There are a few steps you’ll need to undertake to make this work like a charm. Once you have them mastered, it should be a pretty easy process for you in the future.

Get Your Spring Line, Bow Line and Stern Line Ready

Probably the most important thing before embarking on any docking or undocking is knowledge. If you have a crew on board, are they able to help? If so, do they know what they’re doing? If you’re just out your fishing boat with a buddy, does he have any boating experience? If not, and you need his help to dock or undock, you’ll need to make expectations clear. Never assume anyone has the same knowledge as you. A good idea is to give very clear directions ahead of time. Make sure they know what you’re talking about when you say fenders or spring lines. Check to see if they’re comfortable using a boat hook. Then you can begin.

Start by making sure you have one end of your docking lines secured on board. Have your fenders at the ready as well. You’ll probably want at least three fenders. Keep them above the water line, they shouldn’t be getting wet. And you’ll want to have a bow line, a stern line, and a spring line ready.

The Approach

Now you can reduce speed as you prepare to approach the dock. You should have your plan of action in mind at around 100 yards out from where you plan to dock. This is especially important if you’re heading into a busy marina.

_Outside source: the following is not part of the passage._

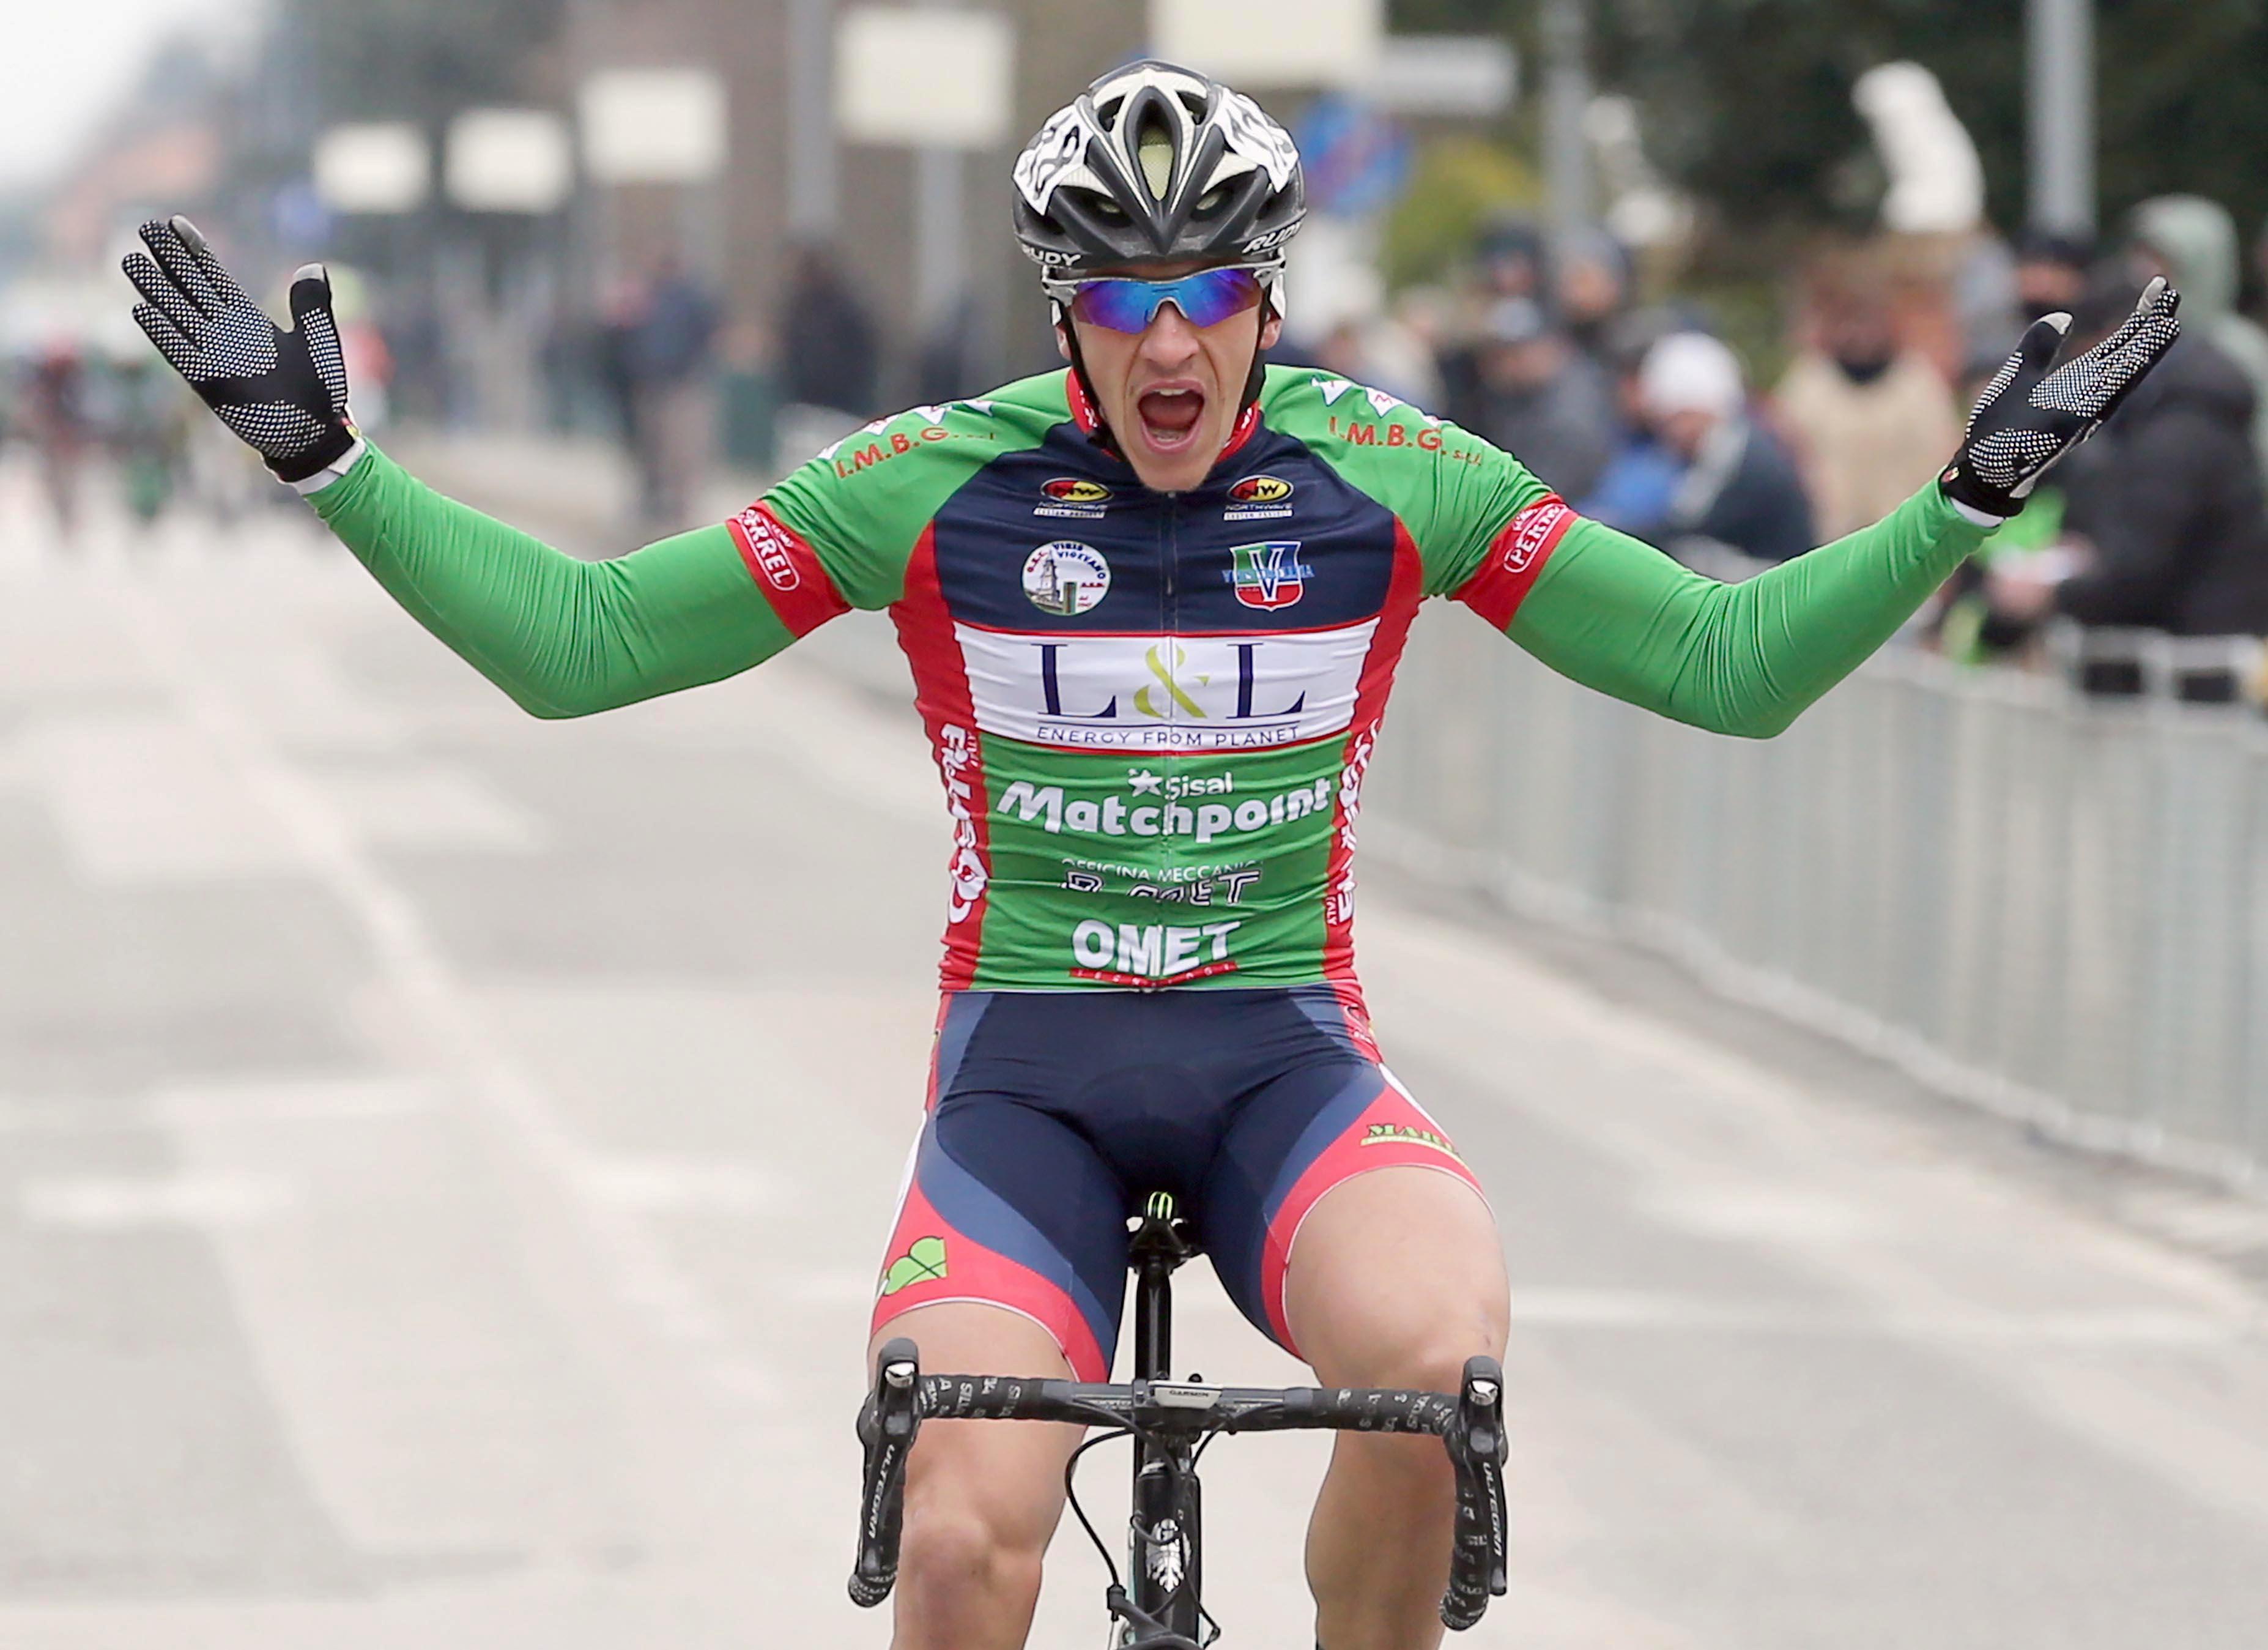 Davide Donesana vince la 59/a Coppa San Bernardino

Throttle back to a slow speed on approach. Make sure your crew knows their duties if it’s applicable here. Your first mate should know to secure those lines or attach the fenders. Keep an eye out for traffic. If no one else is around, docking or undocking, you may have more time and latitude with your approach. However, if the marina is busy then you may need to change your plans slightly. This could mean being faster or slower, maybe waiting for others or being more cautious.

Onshore Wind Approach

You need to work with how the wind blows when you’re docking. With an onshore wind the wind is blowing towards the dock. The current can affect your boat handling and may work against the wind. If so, then you’ll be moving more slowly. If the current is with the wind, then that will help push you.

In general, a longer approach is always better. More time to make adjustments, more time to see what you’re doing and plan ahead.

When you’re about 20 yards out, put the boat in neutral. Any adjustments you make from here on out need to be very and precise. Control speed to control the docking. You don’t want to have your motor in gear for more than two seconds at a time as you fine tune your approach. Keep your RPMs below 900. This will ensure you have a reasonable amount of control over the boat. Too much more and you risk losing control and hitting the dock or missing your mark. Too much less and you won’t have the control you need.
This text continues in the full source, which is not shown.